Increased run time of binary search when trying to fix IndexError

31 Views Asked by At

I recently followed a youtube tutorial on Binary Search and I ran into a problem with list index being out of range when I ran the code the youtuber had built. As far as I can tell I did exactly what they did, and now I am wondering what I did wrong. I tried removing the "if list[midpoint] == target:" for "if midpoint == target:" but that opened up another can of worms where the midpoint slowly increased making the code much slower than I anticipated... Below is the code:

def binary_search(list, target, low=None, high=None):
    if low is None:
        low = list[0]
    if high is None:
        high = list[-1]
    midpoint = (low+high) // 2

    if high < low:
        return print("Target was not in the list")
    if list[midpoint] == target:
        return midpoint
    elif target < list[midpoint]:
        return binary_search(list, target, low, midpoint-1)
        # new max == midpoint-1 (because it was not the target)
    else:
        return binary_search(list, target, midpoint+1, high)
        # new min == midpoint+1 (because it was not the target)`

if __name__ == '__main__':
    # tests how fast the binary search is by randomly generating a sorted list
    length = 100
    sorted_list = set()
    while len(sorted_list) < length:
        sorted_list.add(random.randint(-3*length, 3*length))
    sorted_list = sorted(list(sorted_list))

    start = time.time()
    for target in sorted_list:
        binary_search(sorted_list, target)
    end = time.time()
    print("Binary search time: ", (end - start)/length, "seconds")`

I am very confused and would appreciate any feedback you can give me.

As mentioned, I "fixed" the issue by exchanging "if list[midpoint] == target:" for "if midpoint == target:" as well as "elif target < list[midpoint]" for "elif target < midpoint". So far so good, no index error! But then when I was debugging and keeping track of "midpoint == target", whenever the midpoint was found, it began to increase the midpoint repeatedly which increased the expected time. I know that "print("Binary search time: ", (end - start)/length, "seconds")" should likely be around 6 with a list that is much larger (length = 1000) so it surprises me that a length of 100 gets around 3 on most of my tests (and my PC is not that slow).

1

There are 1 best solutions below

0
Ukulele On BEST ANSWER

low, high and midpoint are meant to be indexes - position numbers - in the list, not the actual elements of the list. This is what was causing IndexError as the list elements were too large/small to be interpreted as indexes.

So low = list[0] and high = list[-1] set low and high as list elements; to make them indexes you can set low = 0, high = len(list) - 1.
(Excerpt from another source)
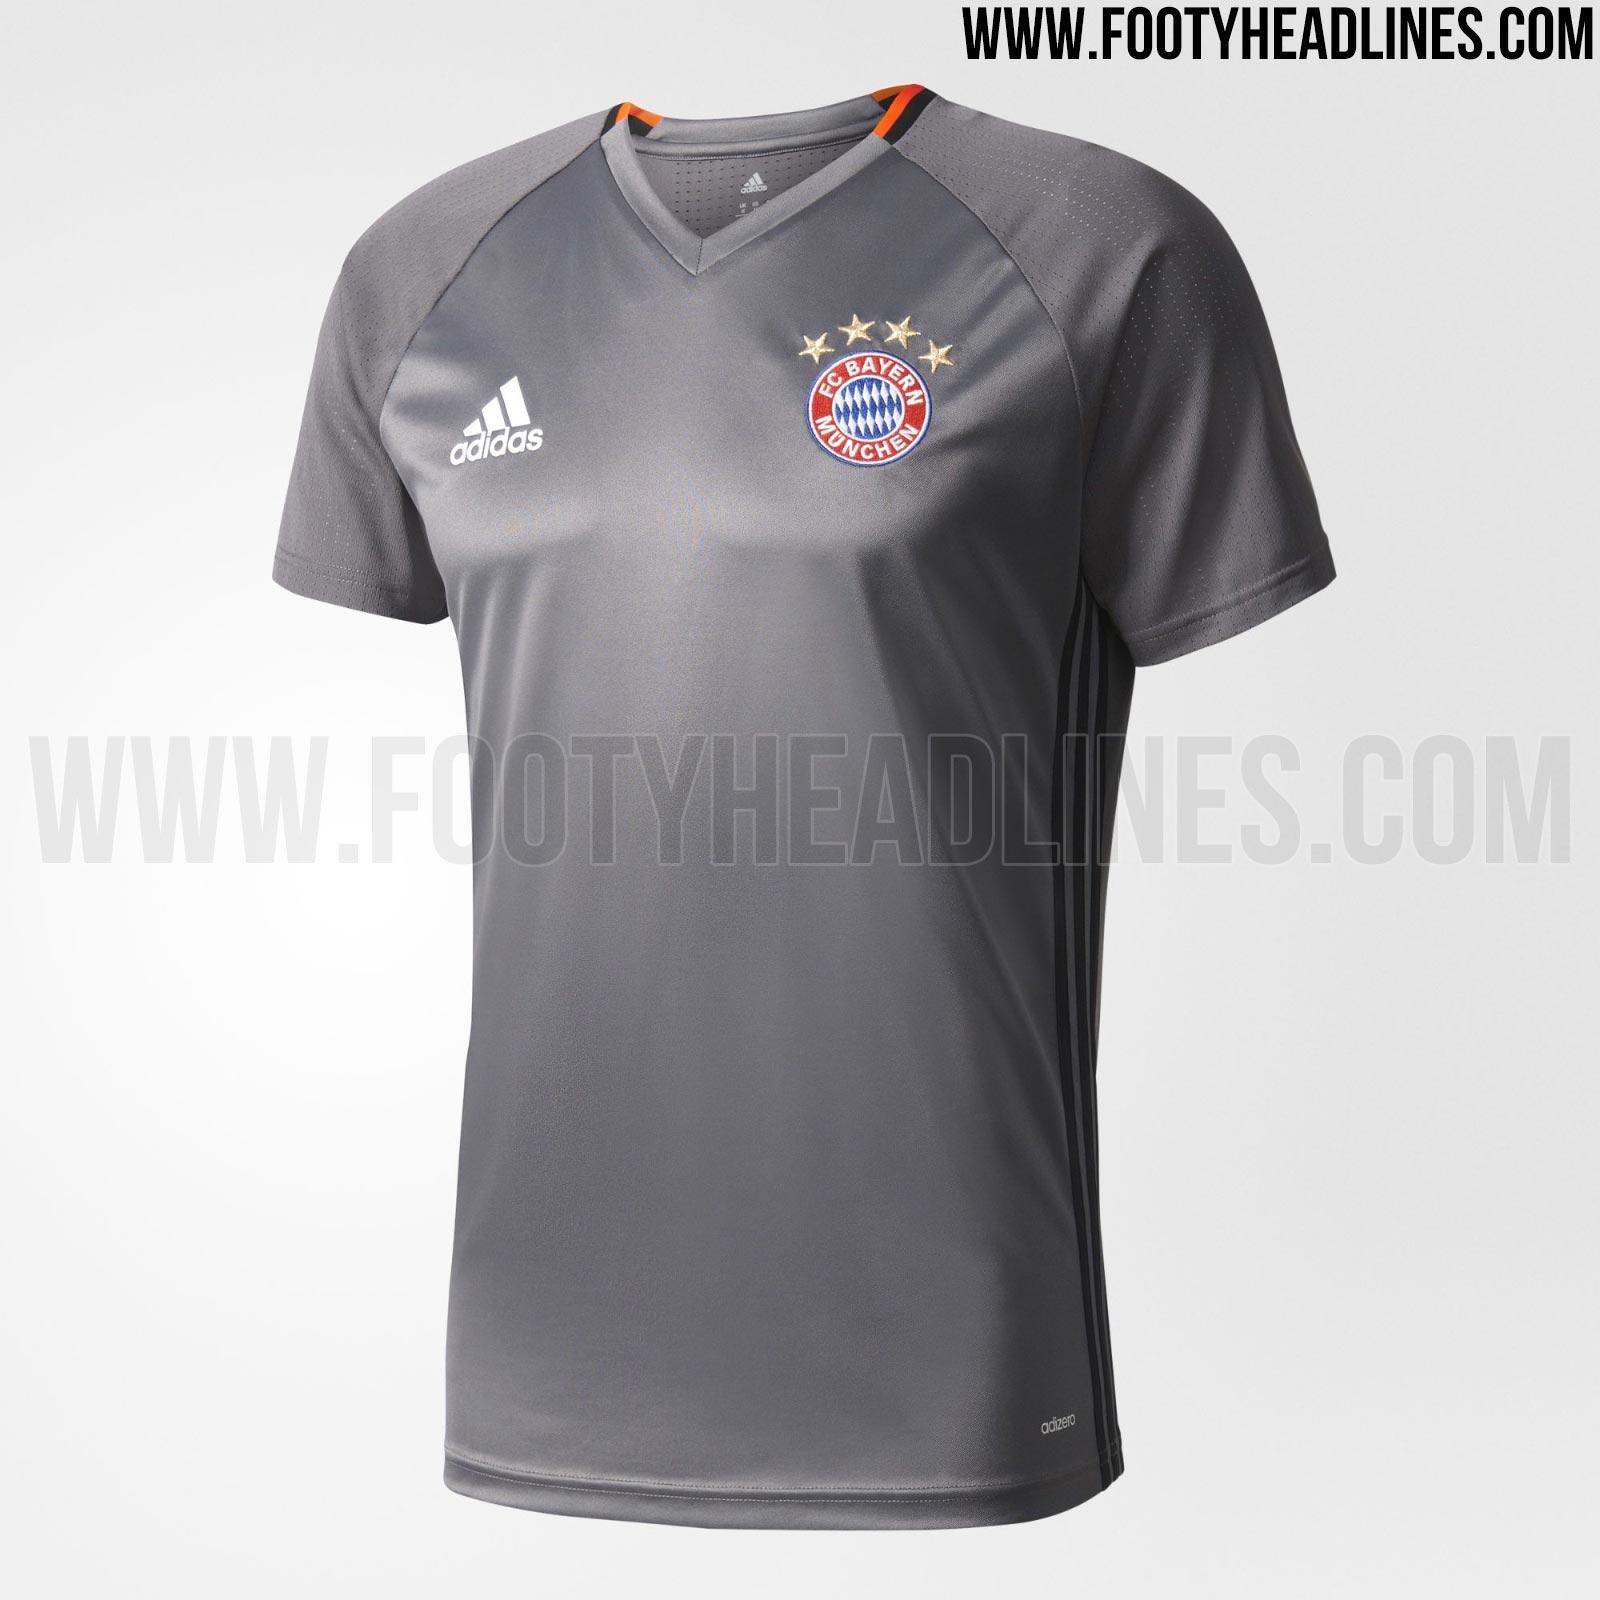 Bayern Munich 2017 Training Shirt Leaked - Footy Headlines d18ec2181

Also, it might not be a good idea to call your list list as this is the default python name for the list class (although it doesn't cause problems here as it's within the scope of a function)

import random

def binary_search(list, target, low=None, high=None):
    if low is None:
        low = 0 # Sets low to an index
    if high is None:
        high = len(list) - 1 # Sets high to an index
    midpoint = (low+high) // 2

    if high < low:
        return print("Target was not in the list")
    if list[midpoint] == target:
        return midpoint
    elif target < list[midpoint]:
        return binary_search(list, target, low, midpoint-1)
        # new max == midpoint-1 (because it was not the target)
    else:
        return binary_search(list, target, midpoint+1, high)
        # new min == midpoint+1 (because it was not the target)`

if __name__ == '__main__':
    # tests how fast the binary search is by randomly generating a sorted list
    length = 100
    sorted_list = set()
    while len(sorted_list) < length:
        sorted_list.add(random.randint(-3*length, 3*length))
    sorted_list = sorted(list(sorted_list))

    start = time.time()
    for target in sorted_list:
        binary_search(sorted_list, target)
    end = time.time()
    print("Binary search time: ", (end - start)/length, "seconds")

Binary search time: 6.914138793945312e-07 seconds